Repeat nothing but the line that contains "By Baker Furniture" and the lines after it, through the end of the listing, exactly as they stand; omit pictures.
*** Opening Collected data ***
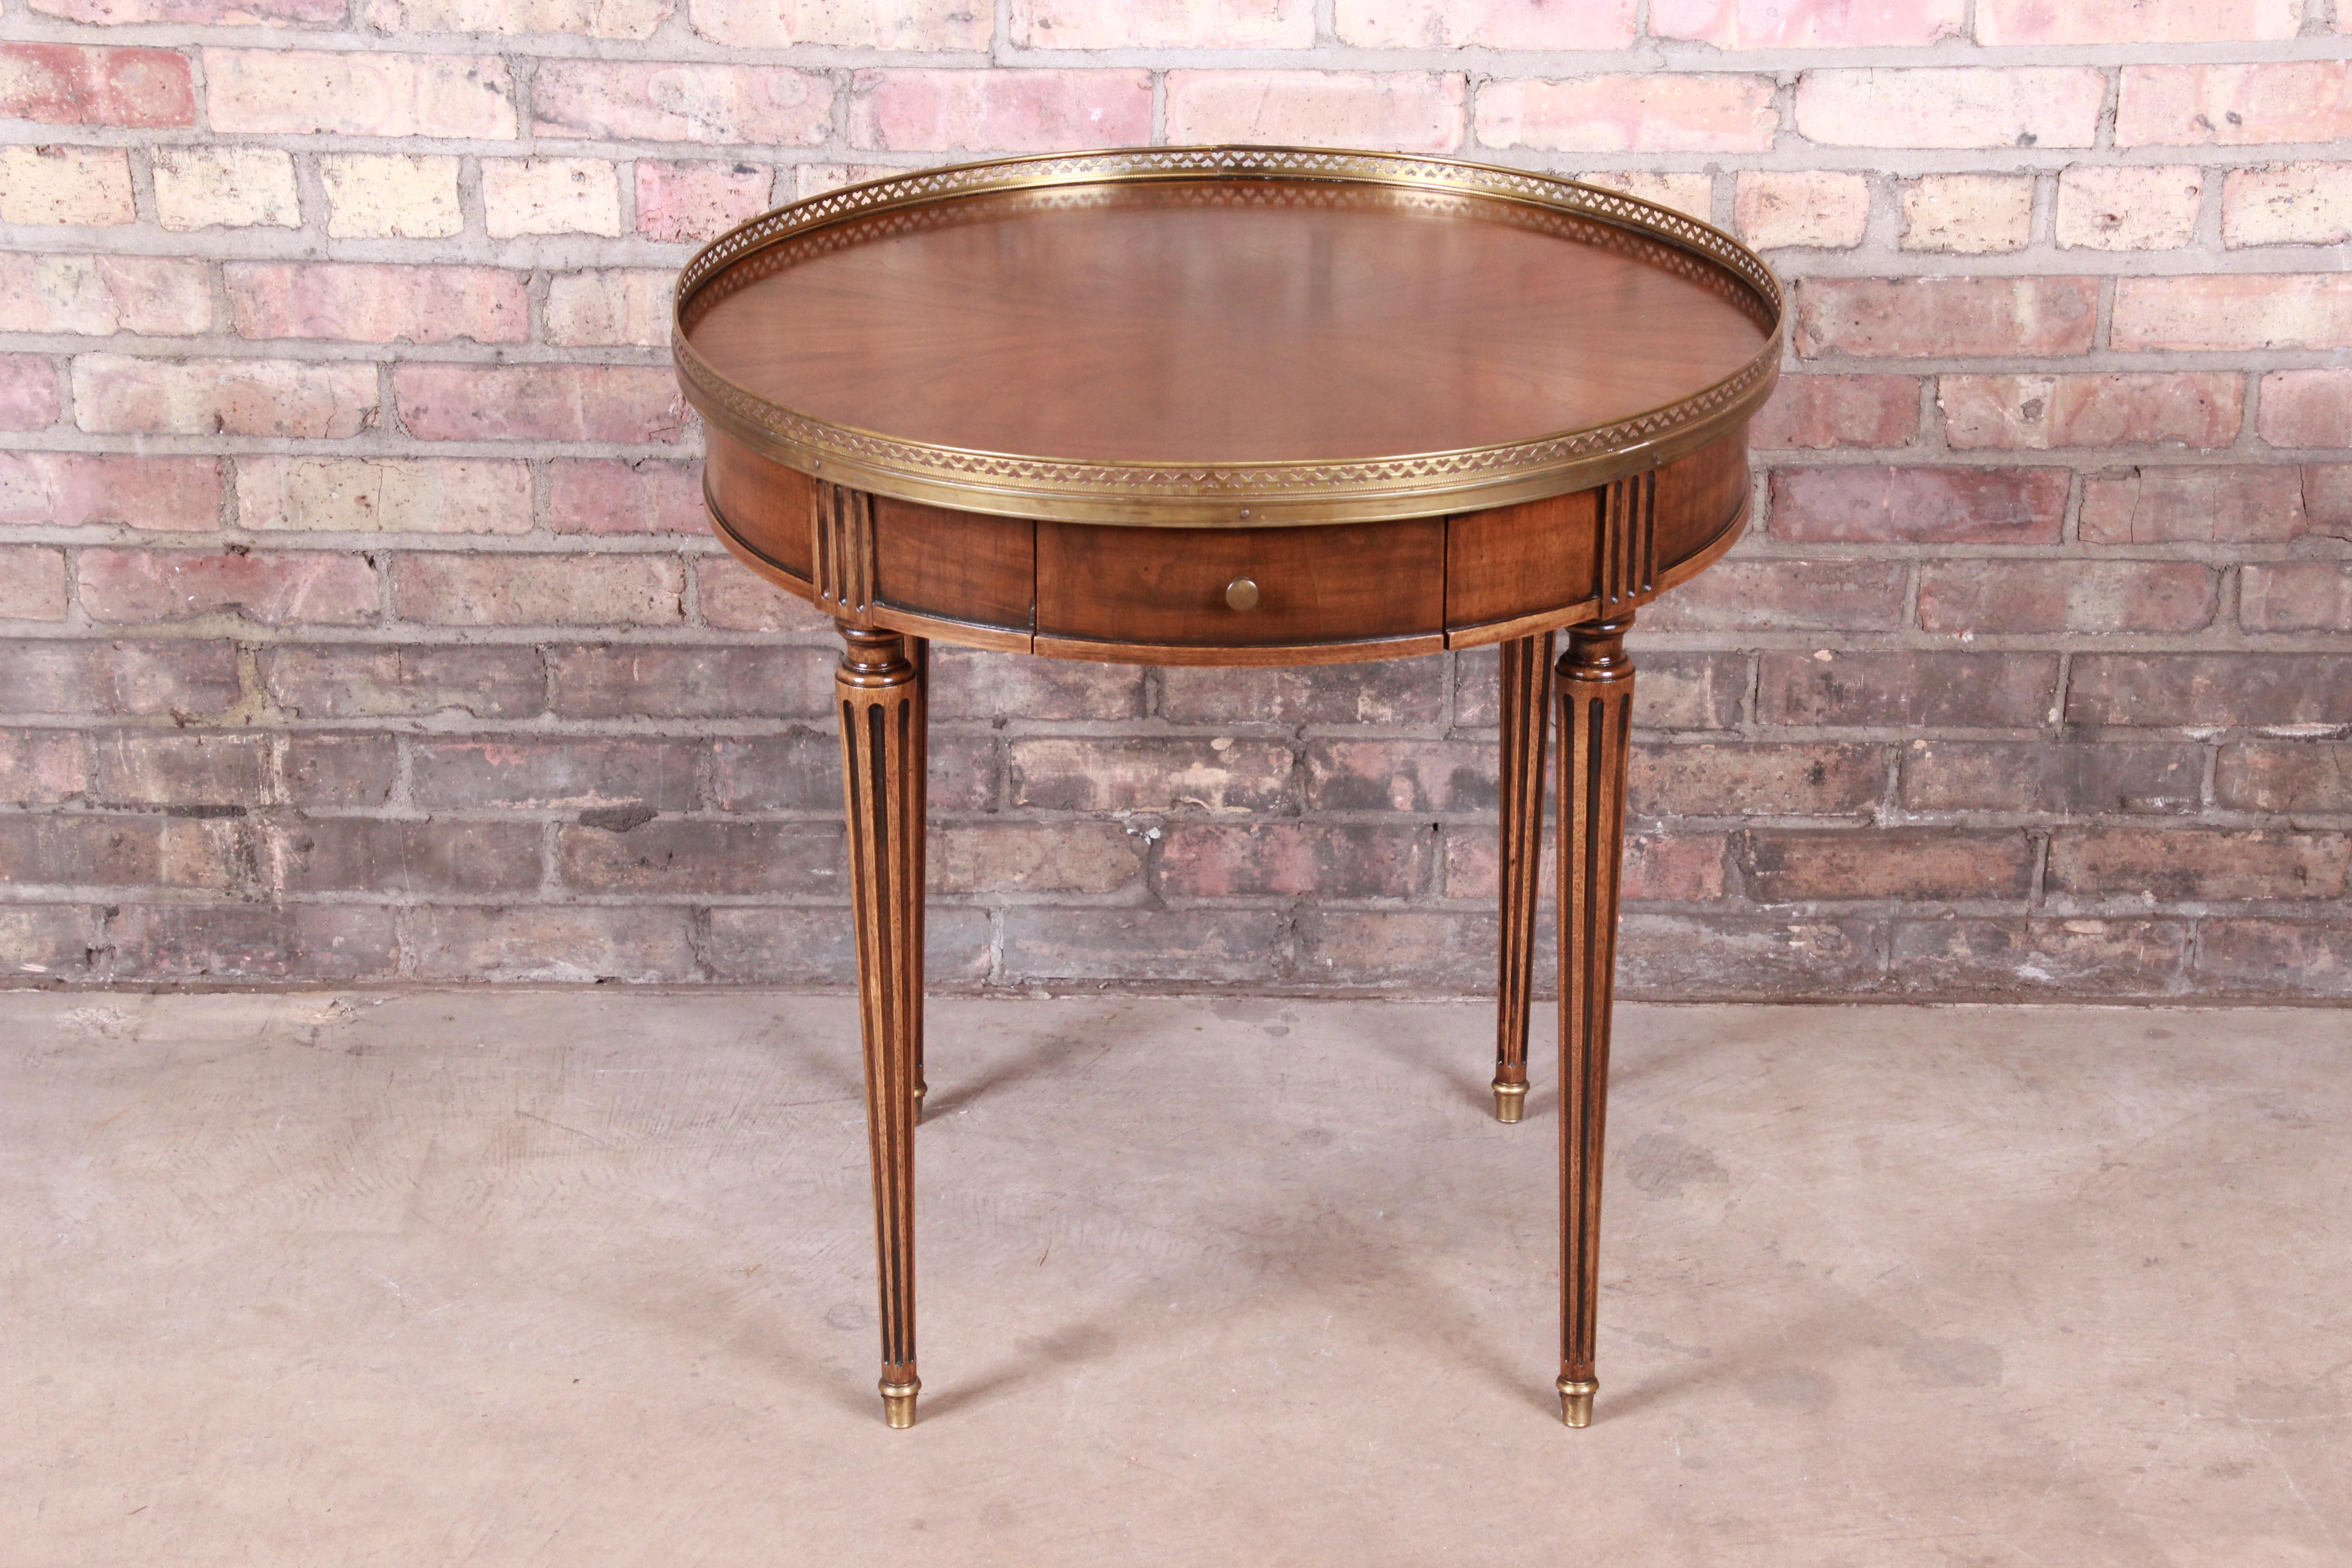 A gorgeous French Regency Louis XVI style tea table

By Baker Furniture 
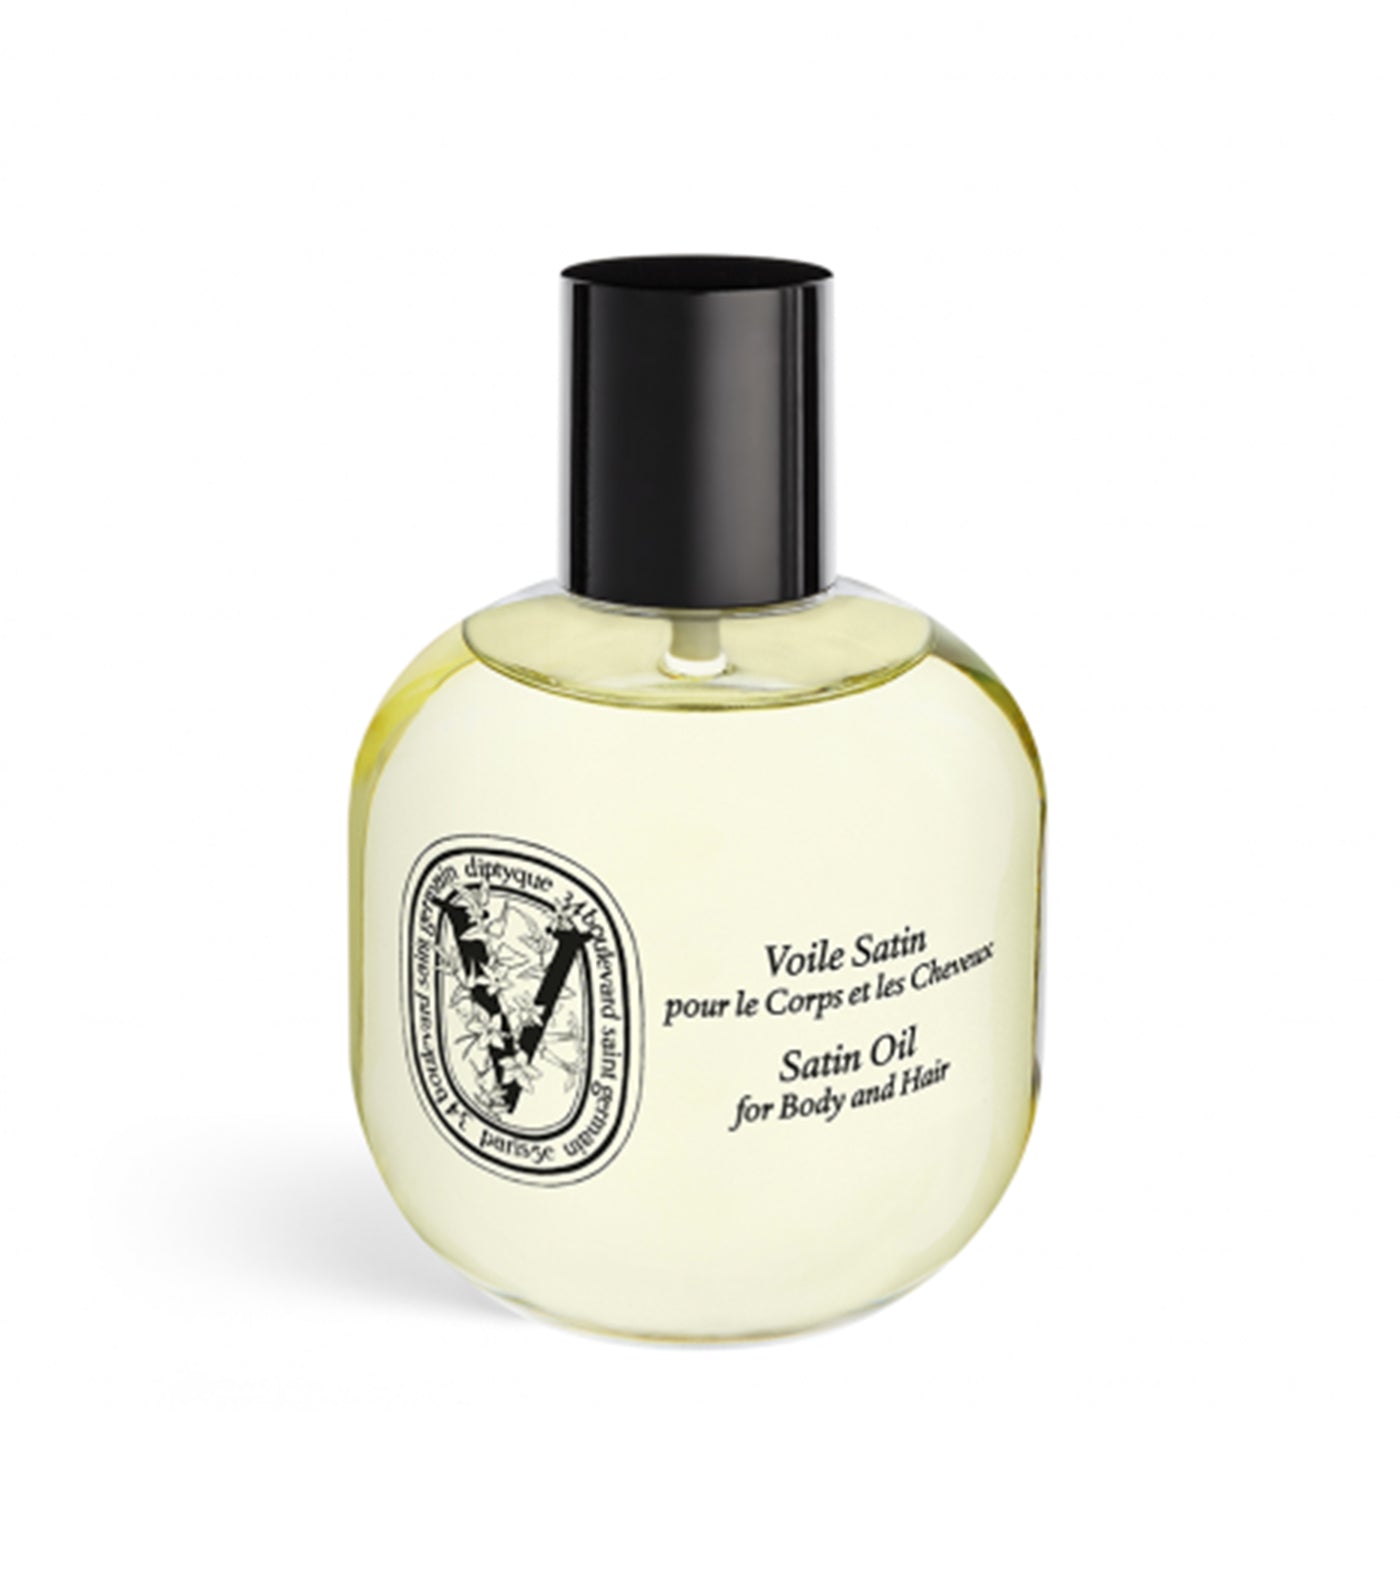 diptyque satin oil for body and hair
*** Closing Collected data ***
Answer for the task »
By Baker Furniture 
 diptyque satin oil for body and hair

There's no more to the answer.